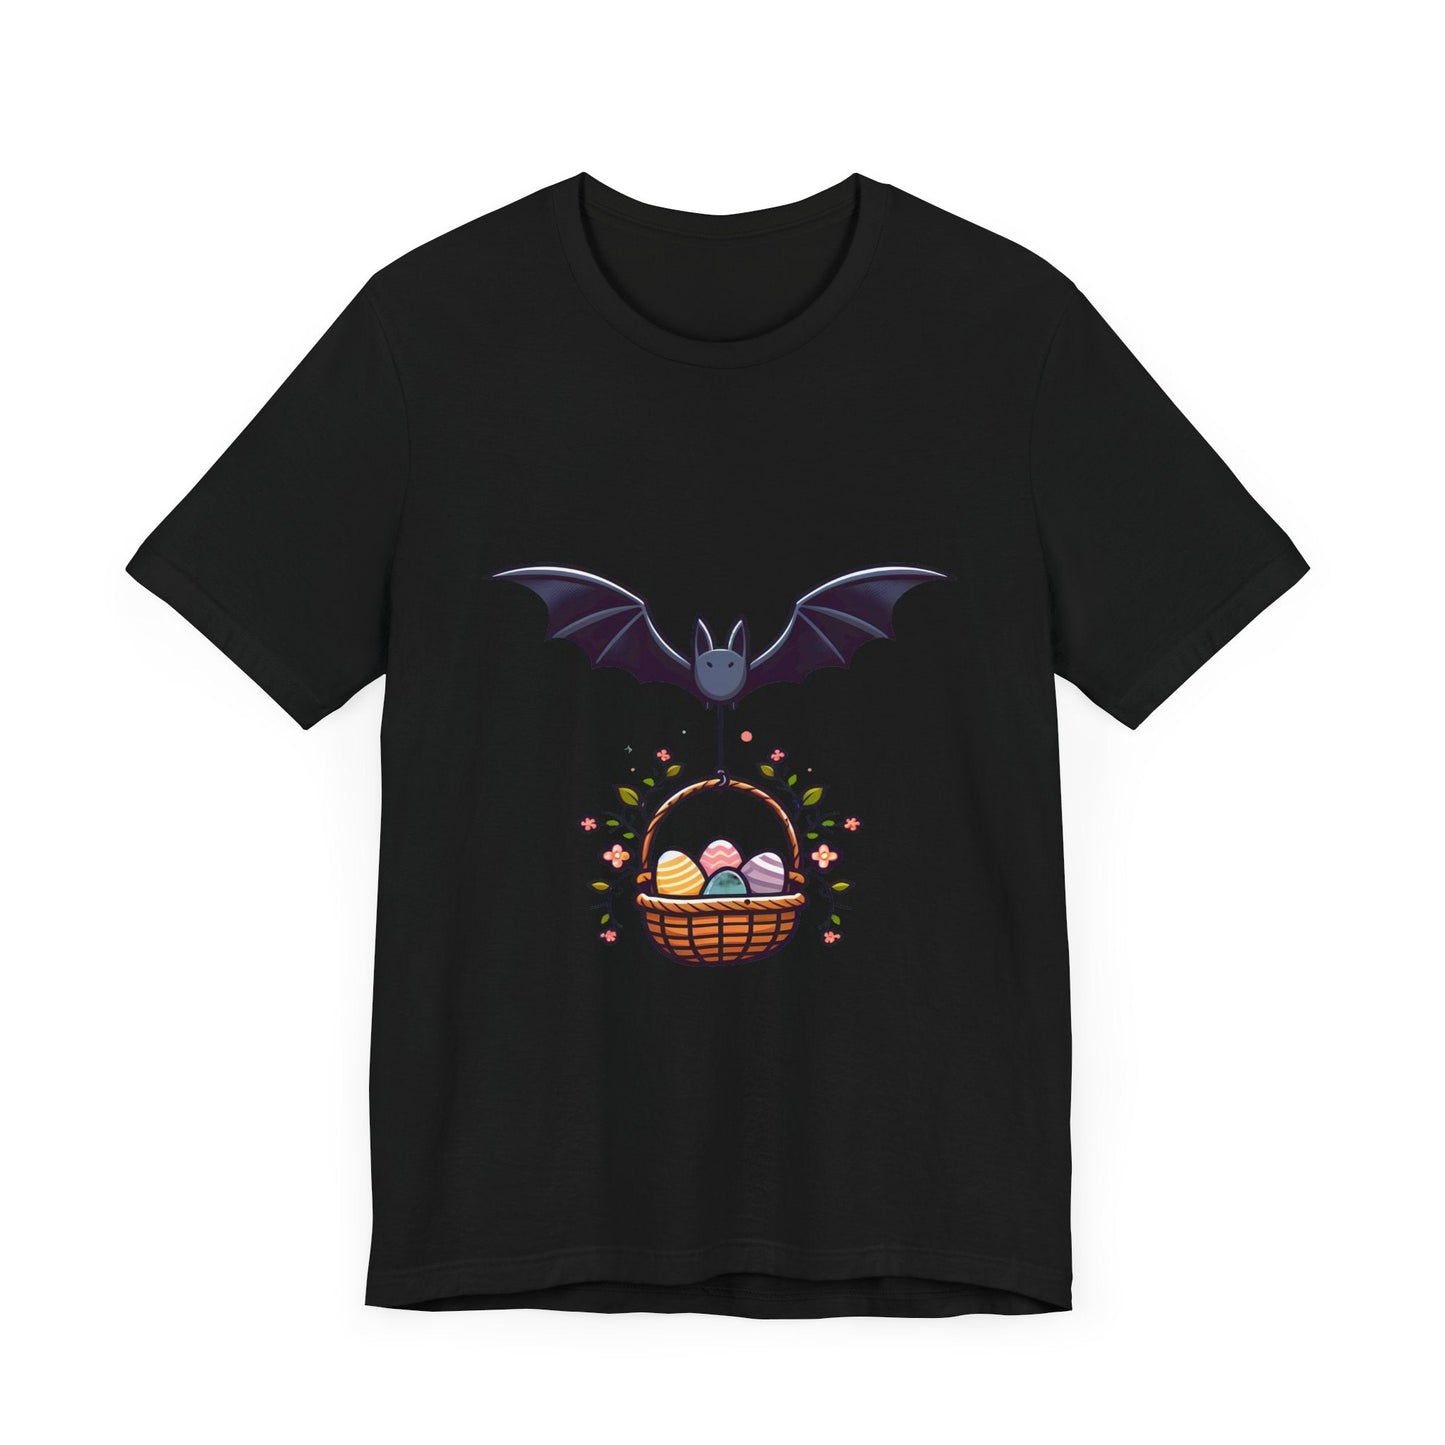 Bat With Easter Basket Short Sleeve Tee ShirtT - ShirtVTZdesignsBlackXSbatsCottonCrew neck
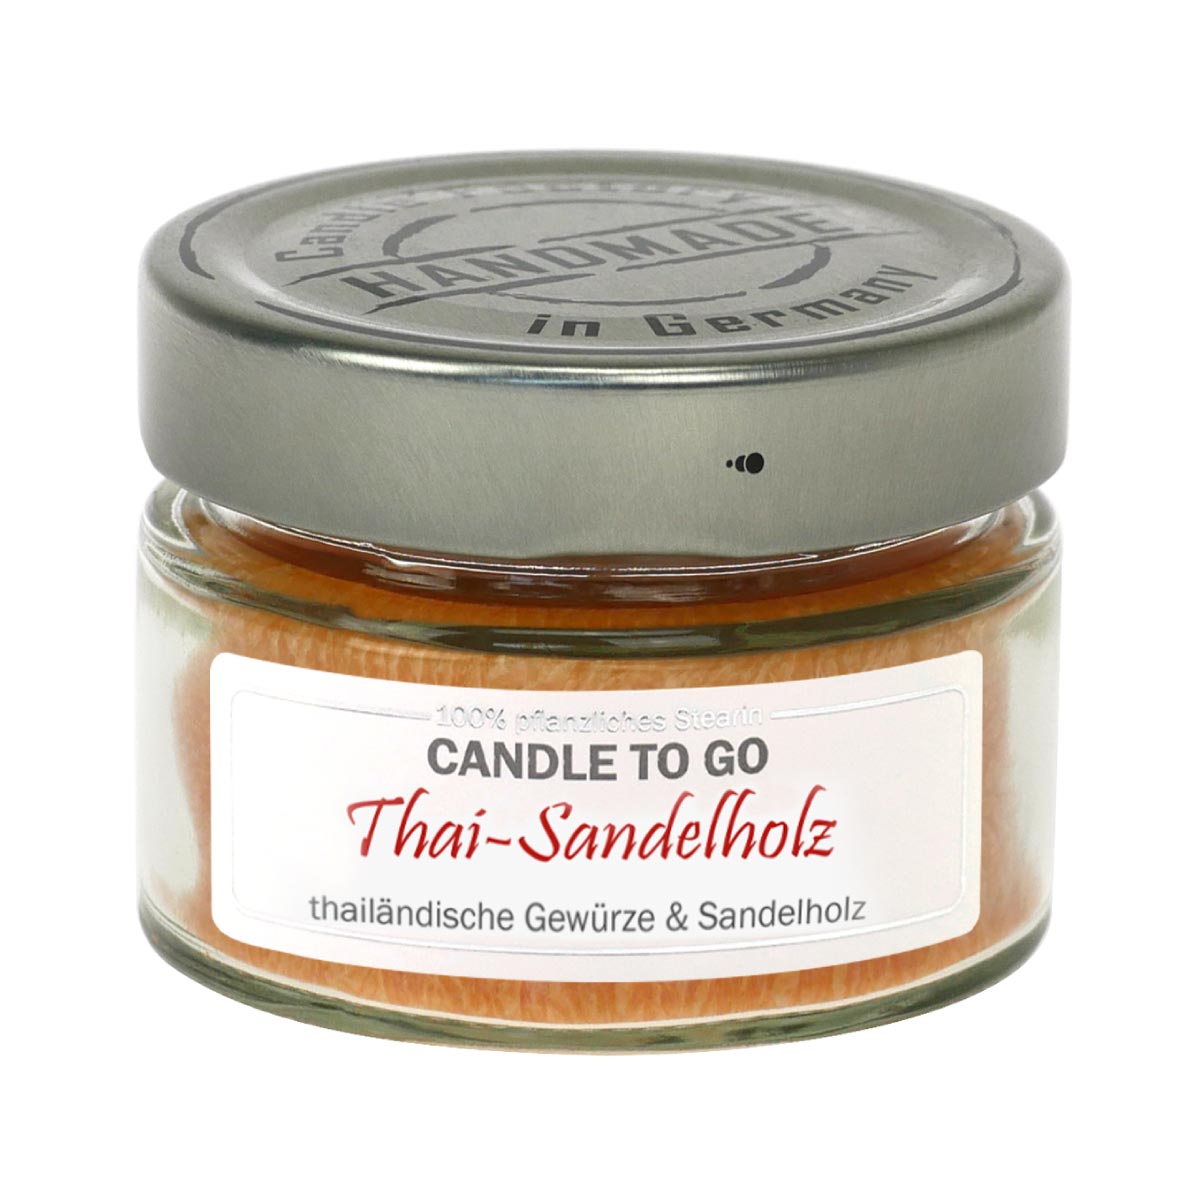 Thai Sandelholz - Candle to Go Duftkerze von Candle Factory
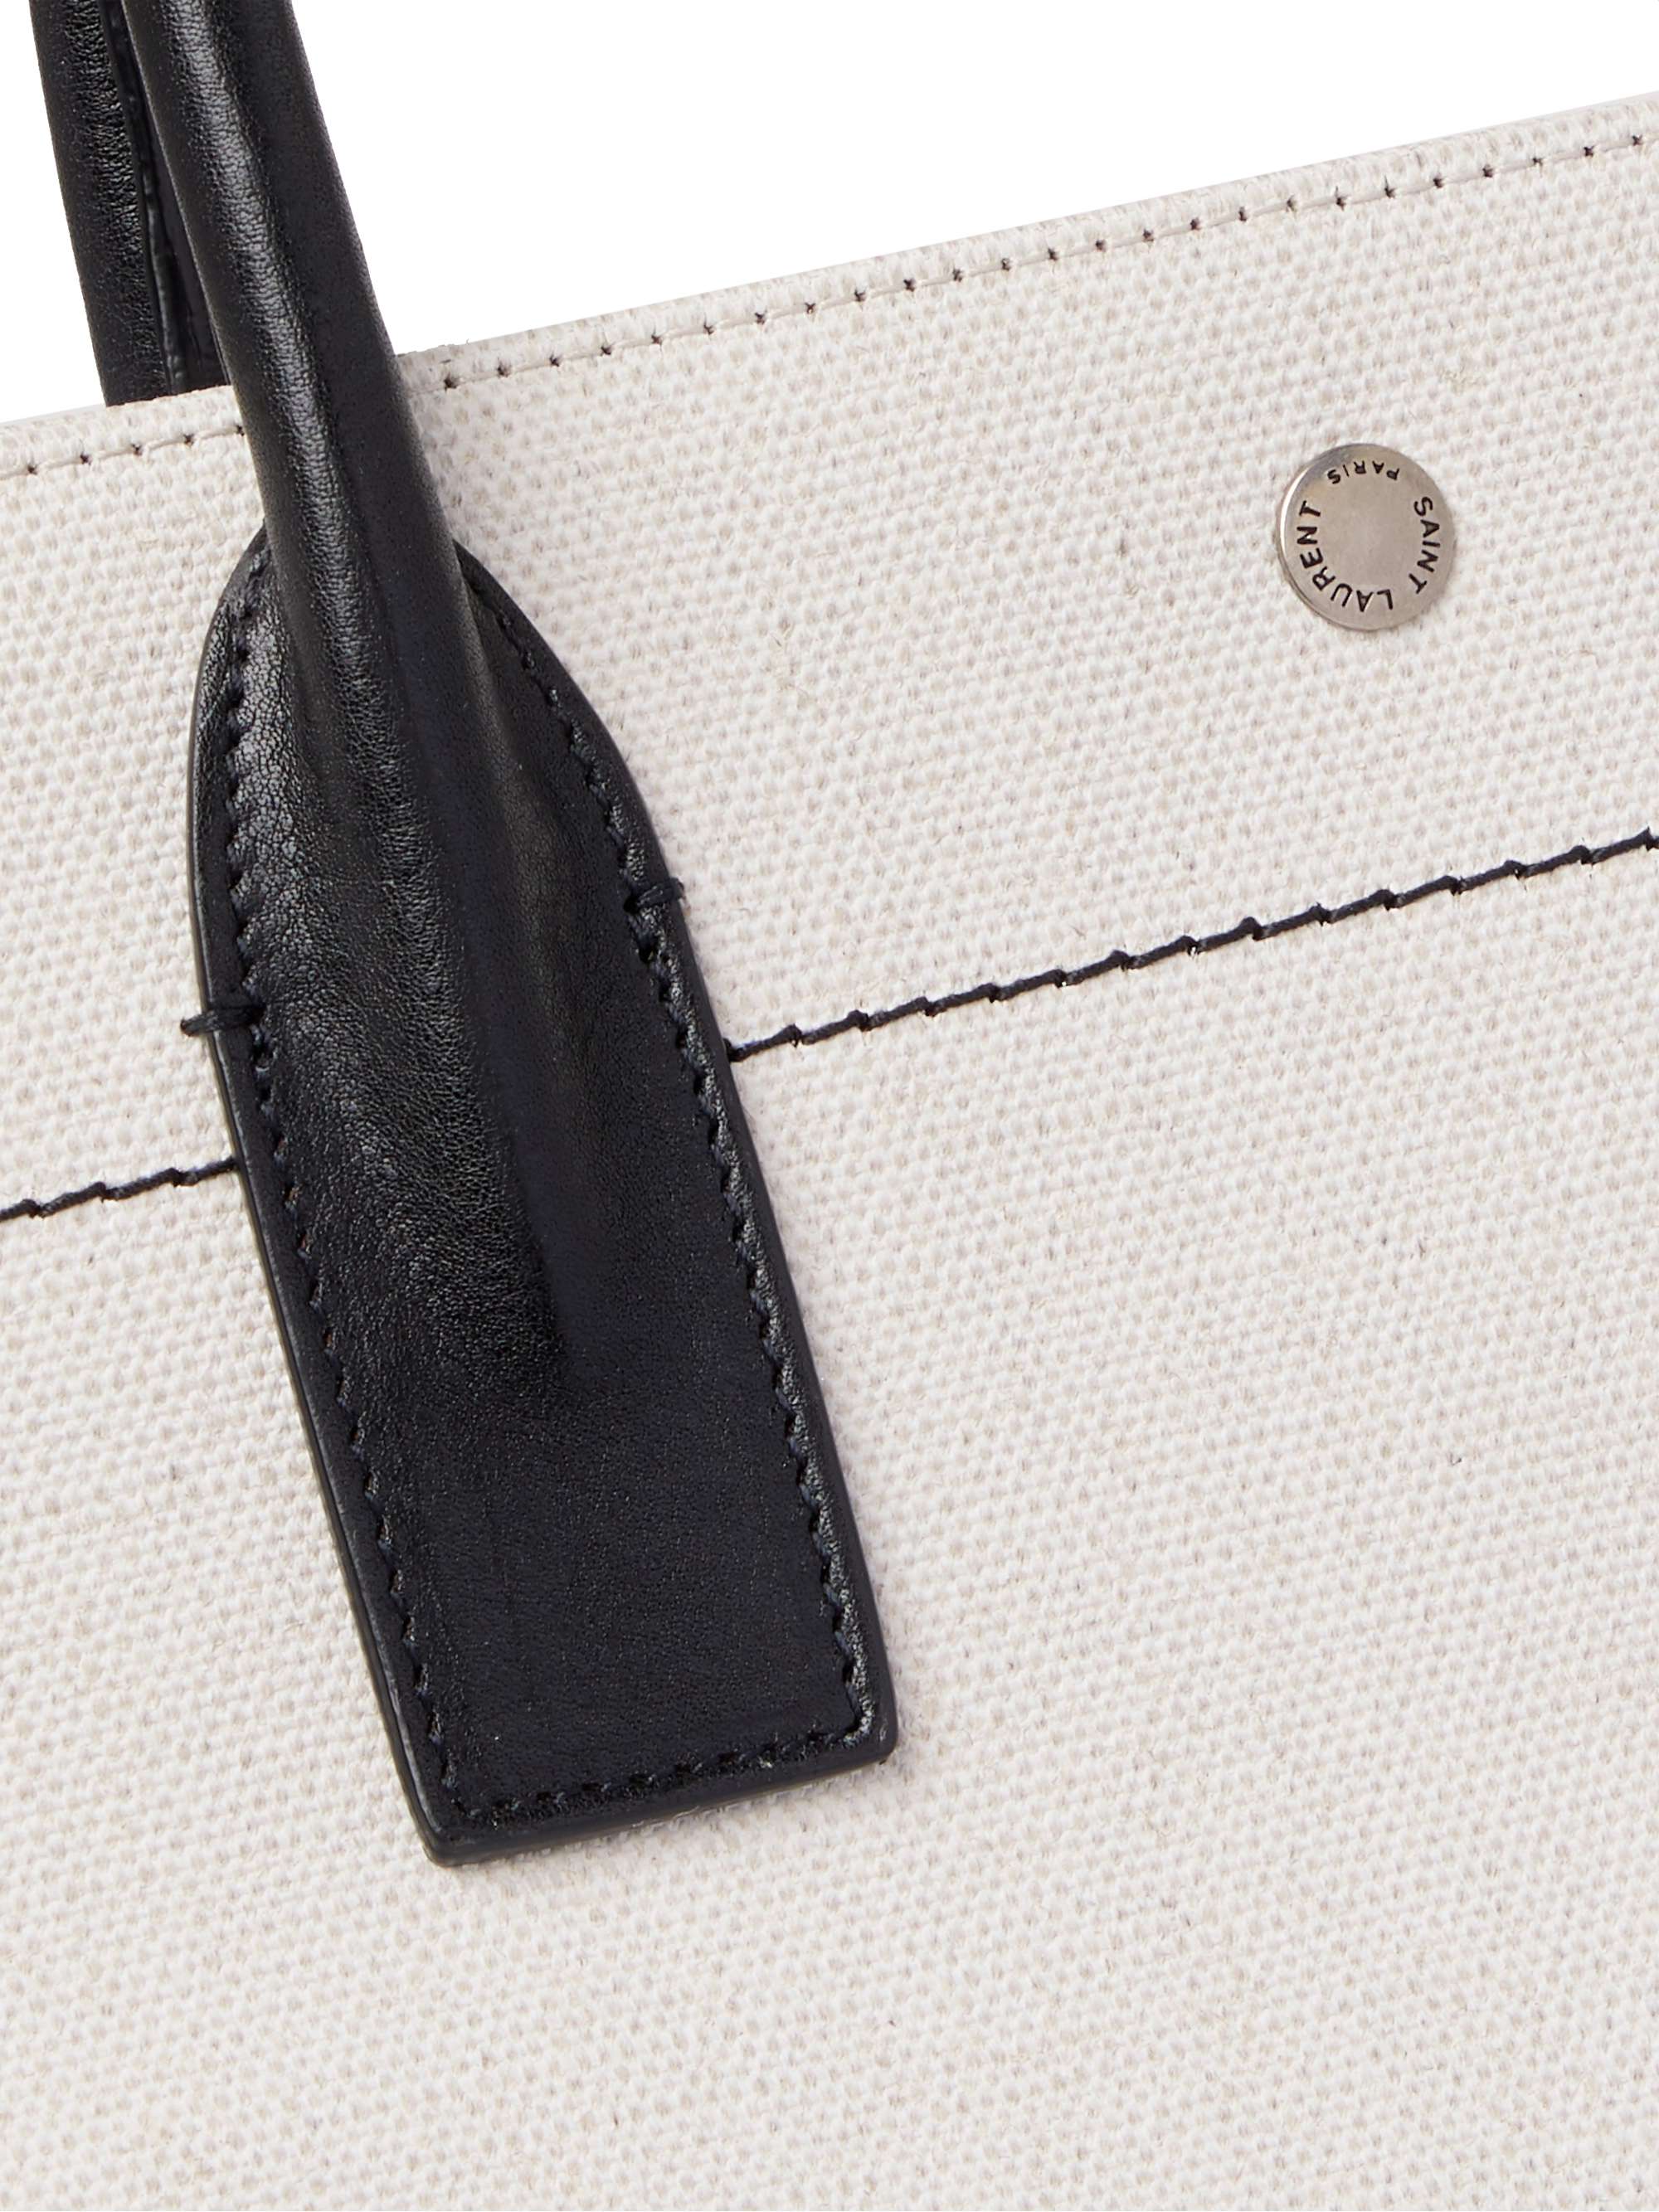 SAINT LAURENT Noe Logo-Print Leather-Trimmed Canvas Tote Bag

WORK INSTRUCTIONS —
From the line holding "Thai Sandelholz - Candle" to the last line of the listing, please output each line exactly as it stands. Pictures stay out of the copy.

SOLUTION TO THIS PROBLEM —
 Thai Sandelholz - Candle to Go Duftkerze von Candle Factory
 SAINT LAURENT Noe Logo-Print Leather-Trimmed Canvas Tote Bag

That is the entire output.